100% agreed. ACAP gives a very rough description how to do conflict resolution between multiple matching rules in section 2.4.5. Again this description not nearly has the level of detail i expect from the description of a crucial algorithm within a specification. Just compare it to the specification of the algorithms in the W3C spec mentioned above.
It further has a “smell” that the procedure is not nearly catching the semanticsi it is intended to catch. Especially the rule “If one pattern contains a dollar sign $ where the other pattern contains any other character (including the asterisk *), the other pattern has the narrower scope. “ looks wrong and IMHO contradicts the classical regular expression semantics.
The ACAP committee continues to pile on new demands. Part 2 of their specification adds the full power of their protocol to META tags in HTML files. This means each HTML file could potentially have its own set of policies, and the content of the file must be read to determine whether it does.
Finally comes the problems of standardization that I described three years ago in the article From P2P to Web Services: Addressing and Coordination. Standards reflect current needs and go only so far as the committee’s imagination allows. They must be renegotiated by all parties whenever a new need arises. New uses may be held up until the specification is amended. And the addition of new use cases exacerbate the complexity from which ACAP already suffers.
Also 100% agreed. IMHO the spec is full of lock-ins into todays’ technology, especially wrt. the present usage type.
James Grimmelmann: Automated Content Access Problems and Automated Content Access Progress
Last but not least James Grimmelmann did a review and a follow-up, with Francis Cave (ACAP’s technical project manager) responding in the comments. The review generally also focuses on the technical quality (and also goes into the specifics). Anybody interestes in ACAP should read them complety (same is true for the other reviews mentioned above).

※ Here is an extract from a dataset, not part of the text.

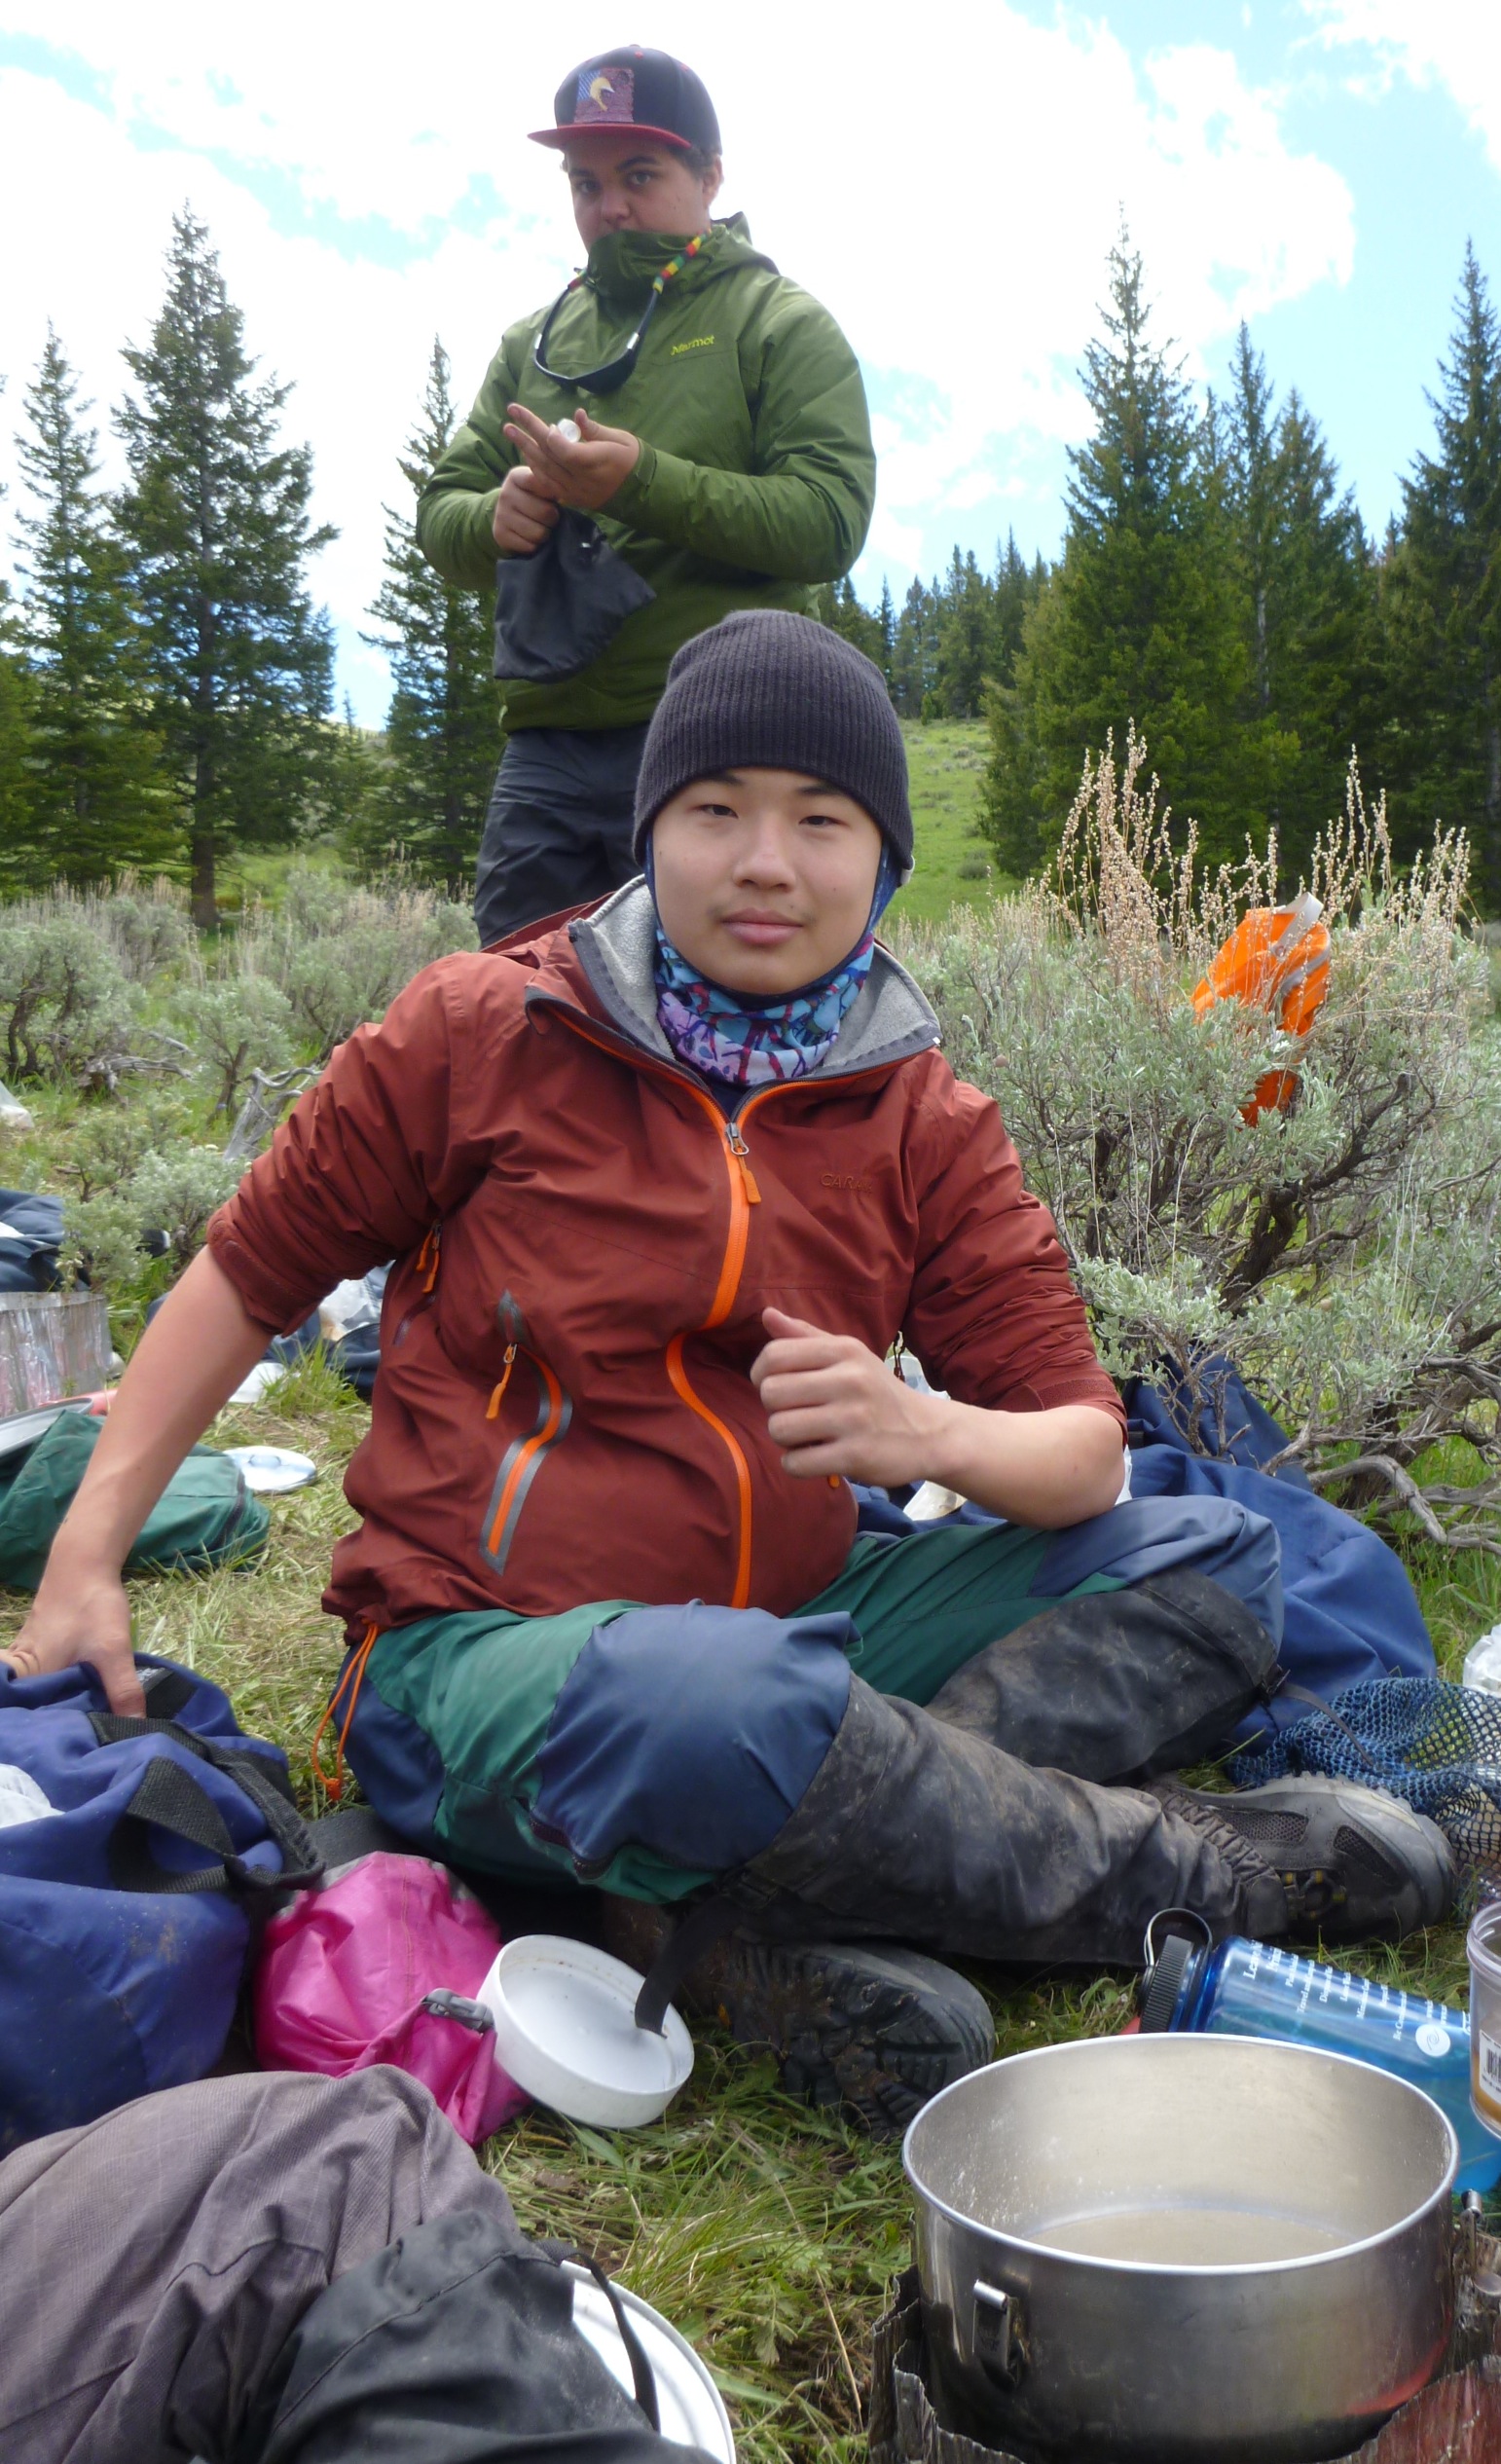 One student traveled in Montana wilderness.

Hence i just pick one quote that relates to one part of the specs i also found “strange” while reading them:
Take 18.104.22.168, which allows sites to express time limits for how long a document may be indexed. The time limits are expressed in days. Days. How hard would it have been to add hours and minutes? To use UTC times? To express what time zone a given date refers to? Not hard at all. But no one did, which says to me that the working group wasn’t pushed very hard by people who really design Internet software for a living.
100% agreed. Using standards like ISO8601 / RFC3339 or the date formats in RFC822 or RFC2616 is imperative for me. There are already more than enough formats and IMHO it is better to choose oner (or more) of them instead of suffering from the NIH syndrome. I would also like to know what is missing from the standard ISO formats. Omitting the / a time zonefrom the spec in a standard that should be used globally issimply not acceptable.

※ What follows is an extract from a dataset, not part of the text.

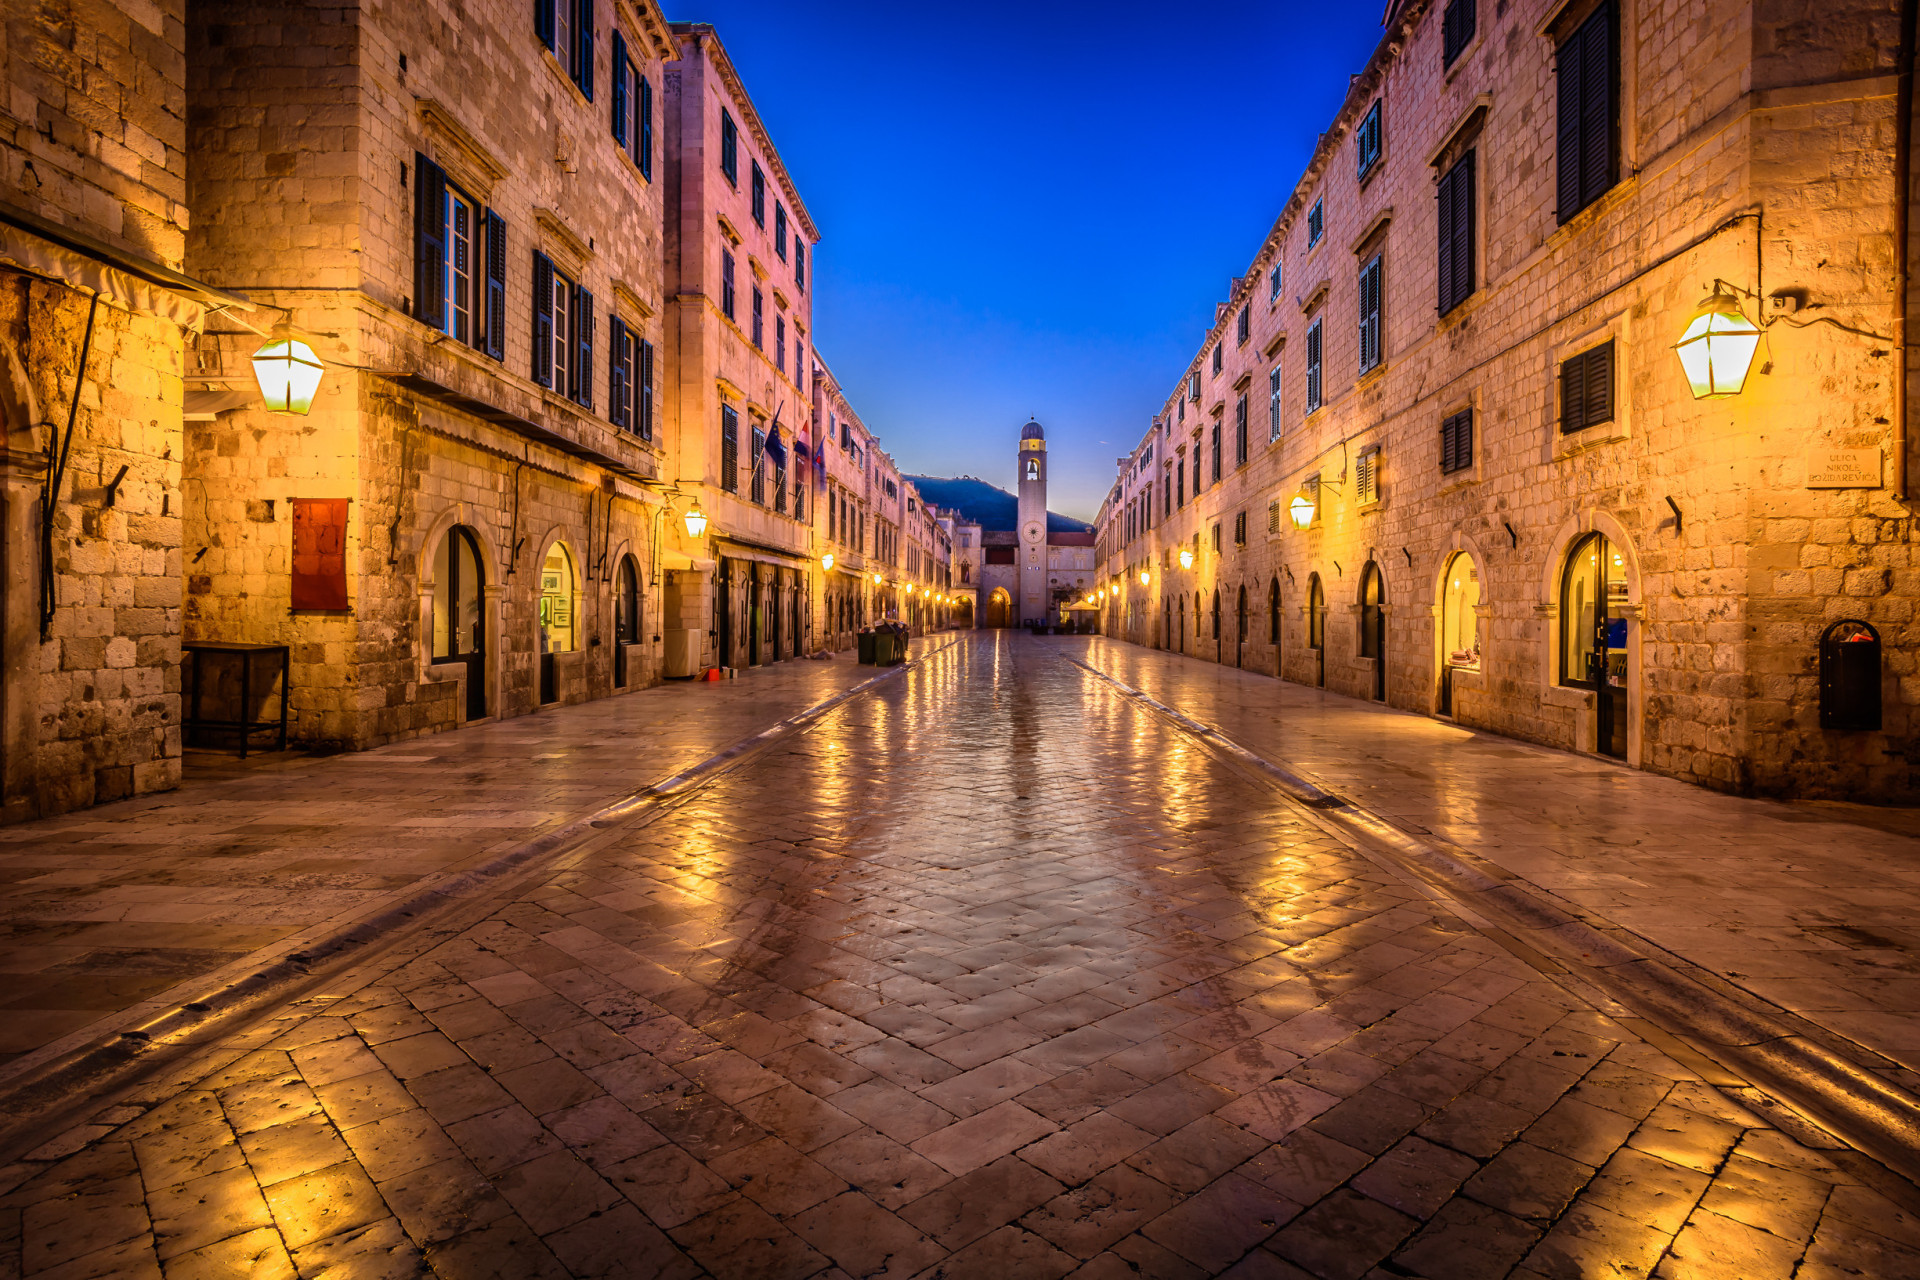 Dubrovnik's old town has held onto its medieval architecture and walls. The main street is Stradun, one of the most charming streets you will ever see, and it leads to various important parts of Dubrovnik.<p><a href="https://www.msn.com/en-sg/community/channel/vid-7xx8mnucu55yw63we9va2gwr7uihbxwc68fxqp25x6tg4ftibpra?cvid=94631541bc0f4f89bfd59158d696ad7e">Follow us and access great exclusive content every day</a></p>

I sincerely hope that the ACAP specs will improve towards the standard i expect from specifications. If not, i think there is every reason to just ignore it and the whole ACAP project was just a publicity stunt. Even Francis Cave admitted that it was wrong to theses specs 1.0. I personally would rather call them in the 0.1 to 0.3 range.
IMHO there are at least two areas where beside the addition of examples and more work on the details basic research has to be done:
Conflict Resolution: Algorithm and complexity
A very close look at the conflict resolution algorithm implementing an essential part of the ACAP semantics that is definitely necessary in order to have a better understanding if ACAPs approach is feasible. But Section 2.4.5 is technically a mess and i can’t help getting the feeling that the ACAP project took a “this is not our problem” approach to it. At least for me this attitude is expressed in the following sentence:
In the event that a crawler is unable to determine which ACAP permission or prohibition has the narrowest scope – regardless of whether or not such determination is theoretically possible – the usage is prohibited on that resource.
One could read that sentence the following way: “We don’t know if it is actually possible to implement the ACAP semantics but you have to have to comply or take the risk of legal action if your interpretation of narrowest scope differs from our intended semantics”.
In order for a search engine to take this potentially huge risk, first the intended semantics must be expressed crystal clear or better formally defined and second it must be possible to implement the semantics in a way that is computational feasible on a large scale.
But the semantics is in no way expressed crystal clear or formally defined. For example I couldn’t find a single explicit statement in the whole specs clarifying if the underlying model of ACAP is permissive or restrictive. Hence i asked Francis Cave at the ACAP conference . His answer was at the moment permissive but this may change in the future. But reading the above sentence the opposite seems to be the case for me. I couldn’t find anything in section 2.4.5 claryfying what is supposed to happen when there is no matching permission rule for an sctual URL.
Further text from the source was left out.